Australian behemoth Jordan Mailata proving a path to NFL success possible for rugby players

Why can’t a professional rugby player find success in the NFL? It’s a question that has perplexed sports fans for years. The two sports seem naturally compatible and possess shared origins. Plenty of high school rugby players have successfully made the transition in college and translated it to the NFL. And yet, of the string of pro rugby stars who have tried their hand at professional football, none have yet to find success at the NFL level.

That is until Jordan Mailata came along.

The mountainous Aussie is putting together a breakout 2020 season for the Philadelphia Eagles, providing a rare bright spot in a difficult season for the NFC East club. While players like Hayden Smith, Daniel Adongo, Jarryd Hayne and current Buffalo Bill Christian Wade have yet to break out at more translatable skill positions, Mailata has found a role by taking advantage of the one thing you simply can’t teach: size. Standing 6’8 and weighing 346 pounds, he’s the ideal offensive tackle and is looking like the long term future at the position for the Eagles.

It hasn’t always been smooth sailing for Mailata. Since being selected 233rd overall in the 2018  NFL Draft and becoming the second player ever drafted without American college or high school football experience, Mailata had yet to play an NFL game before this season and ended up on injured reserve both years. However, the freakish Australian was no stranger to overcoming medical setbacks. Before his insane rugby highlight tape went viral, Mailata almost lost the sport, and his life, when he fainted at a training session and was rushed in for emergency heart surgery. He bounced back from that scare with the best play of his life and now fully healthy in 2020, he’s done the same thing.

Jordan Mailata holds off Jacksonville Jaguars defensive end Lyndon Johnson, 92, in a preseason game Photo: Phelan M. Ebenhack AP

In what many fans and pundits considered to be the make or break season for his NFL experiment, Mailata has shown all the promise of his viral highlight reel while plugging gaps along a banged up Eagles offensive front. It started in Week One when he jumped in for injured Eagles rookie Jack Driscoll midway through the third quarter. By Week Four, he’d earned his first start at left tackle and hasn’t been off  the field since.

“I’m telling you, anytime I can get into the game, I’m licking my fingers, licking my lips, ready to go,” Mailata told reporters last week while discussing his early season success. “It’s such a great feeling to be out there. I understand why people play so long, and why they love the sport. Once I got the taste, I want more.”
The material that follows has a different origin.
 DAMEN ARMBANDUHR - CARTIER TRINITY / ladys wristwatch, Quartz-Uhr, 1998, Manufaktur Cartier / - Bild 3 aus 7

While the rest of Eagles have routinely drawn the ire of the fanbase for their losing record, Mailata has slowly become a fan favourite. When starting left tackle Jason Peters, a 17-year NFL veteran with nine Pro Bowl appearances to his name, returned from injury last week, many fans were vocal in their belief that Mailata should retain the job, giving him further time to develop. The Eagles instead shifted him to right tackle, giving Peters back his job but keeping Mailata on the field.
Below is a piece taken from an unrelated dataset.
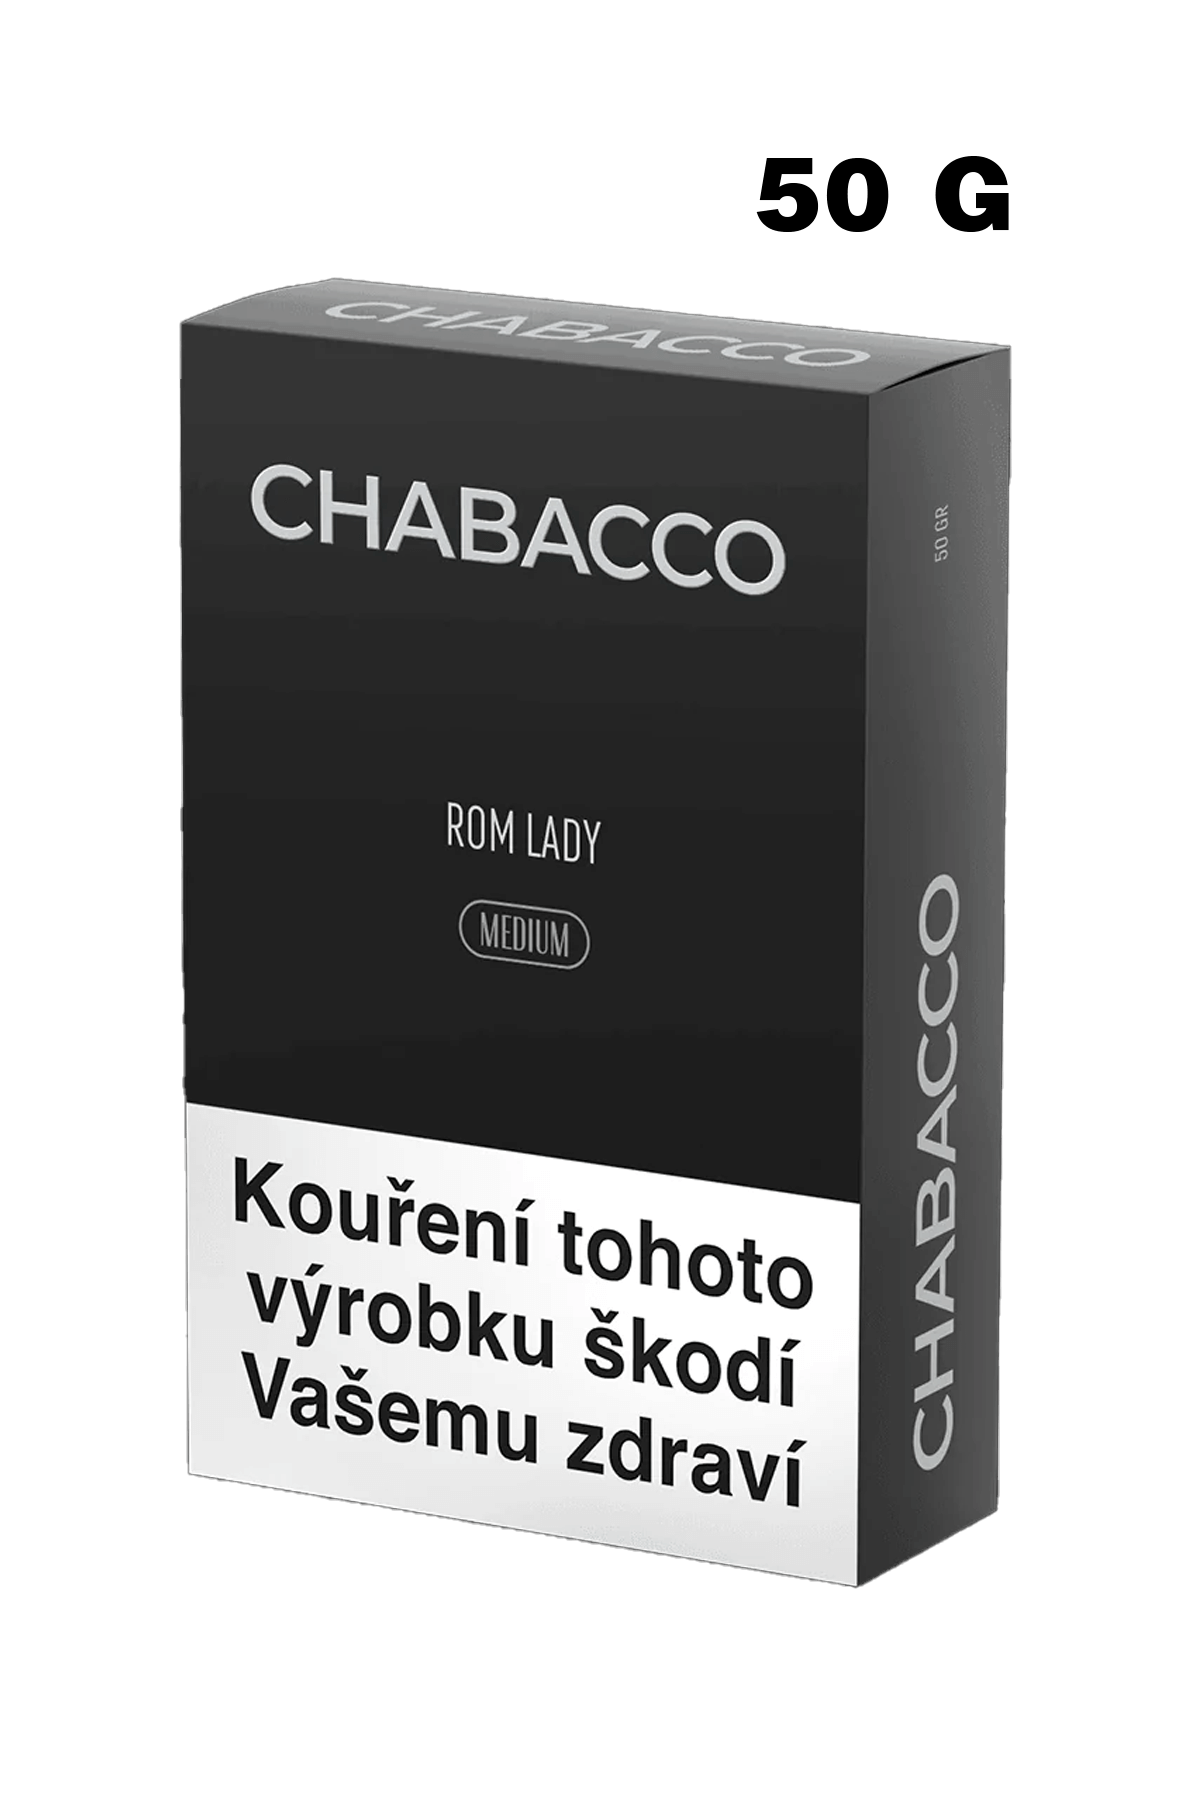 Tobacco - Chabacco Medium 50g - Rom Lady

“I think I was doing my job. I was doing the best I can,” Mailata said about the shift. “Was it perfect? Sometimes it was, sometimes it wasn’t. But, you know, as for keeping the job, again, I can only control what I can control and I can only put out for the universe what I give, so it’s not up to me.”
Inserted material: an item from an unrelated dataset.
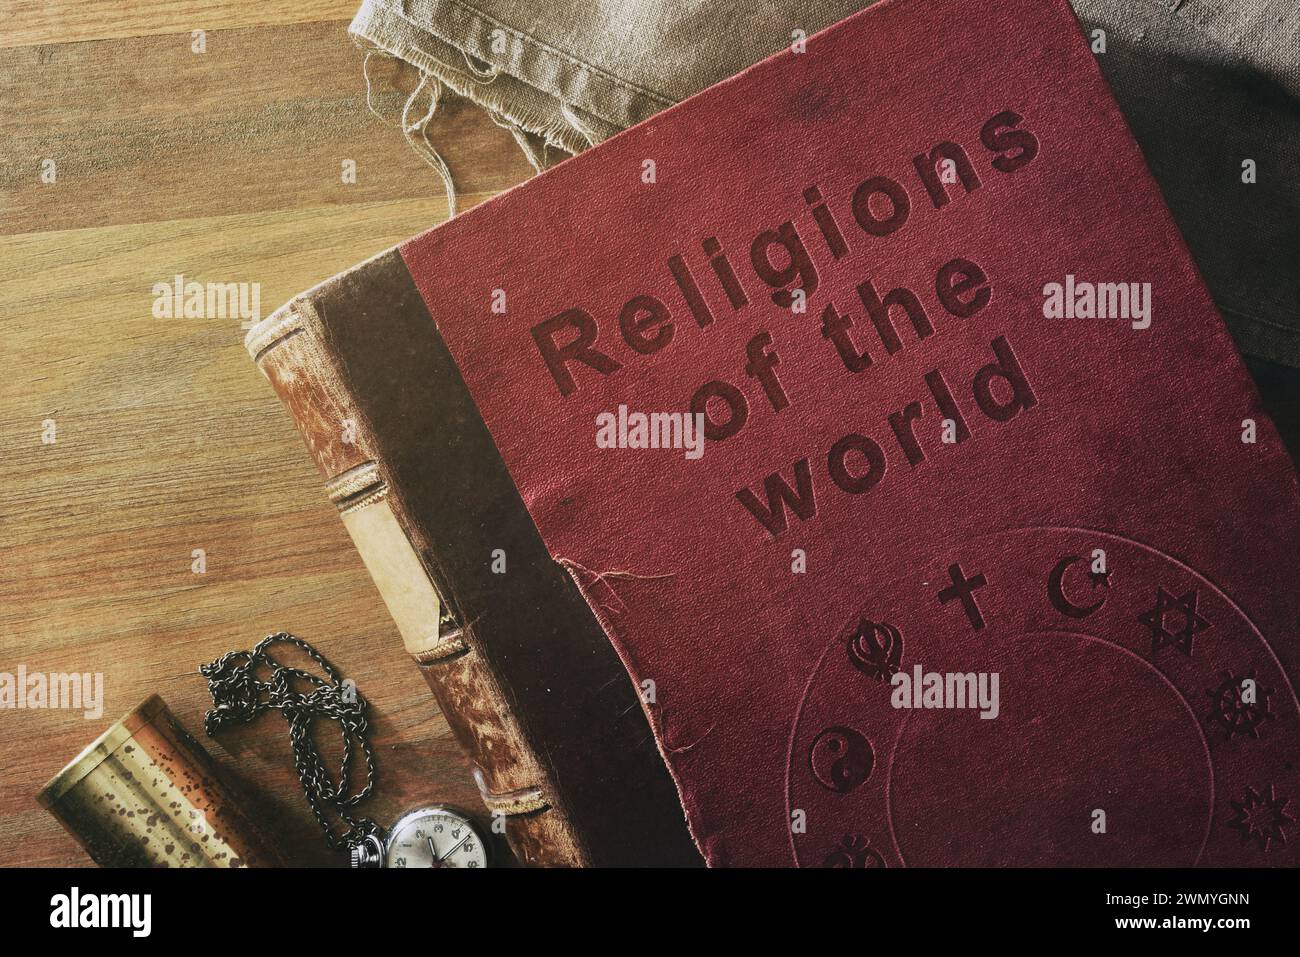 Dettaglio di un vecchio libro sullo studio delle religioni nel mondo con testo inciso e simboli di varie religioni su tavola in legno con oggetti decorativi. Foto Stock

Jordan Mailata playing rugby for the South Sydney Rabbitohs Photo:

Mailata is less familiar with the right side than the left one but he’s refining his technique and continued to perform at a high level on Sunday despite the shift. It’s all likely temporary however. Usual starting right tackle Lane Johnson, a former All-Pro himself, could be back on the field as early as next week and that would send Mailata right back to the bench. The Australian’s job is set to change week to week from here on in, but he isn’t frustrated by the uncertainty.

“Nah, no frustration at all,” Mailata said. “I always said, it’s team first. If they go to right tackle, I’m like, ‘Cool. ’Sup, Matt Pryor? What’s going on, man? I’m back.’ And if I go back to left, I’m like ‘I’m back, Herbie.’ So that’s pretty much it. I’m comfortable (on) both sides, obviously more comfortable on the left, but any time I can get a rep in the ones, I’m cheering. I’m all for it any time I can get a rep with the ones.”

Its a good philosophy to have, but regardless of where he will be playing Mailata has secured an NFL future and already surpassed the accomplishments of other rugby stars who have tried their hand at the gridiron game. A testament to his development at the hands of the coaching staff, Mailata will be a key piece of the Eagles future and, at just 23, his best years are still in front of him. When Jason Peters finally retires, the Australian has made a compelling case to be his heir apparent protecting the blindside, a role previously unconscionable for a foreign born rugby player.

When you’re as big as he is, I guess it’s easy to break new ground.

J.C. Abbott is a student at the University of British Columbia and amateur football coach in Vancouver, Canada. A CFL writer for 3DownNation, his love of travel has been the root of his fascination with the global game.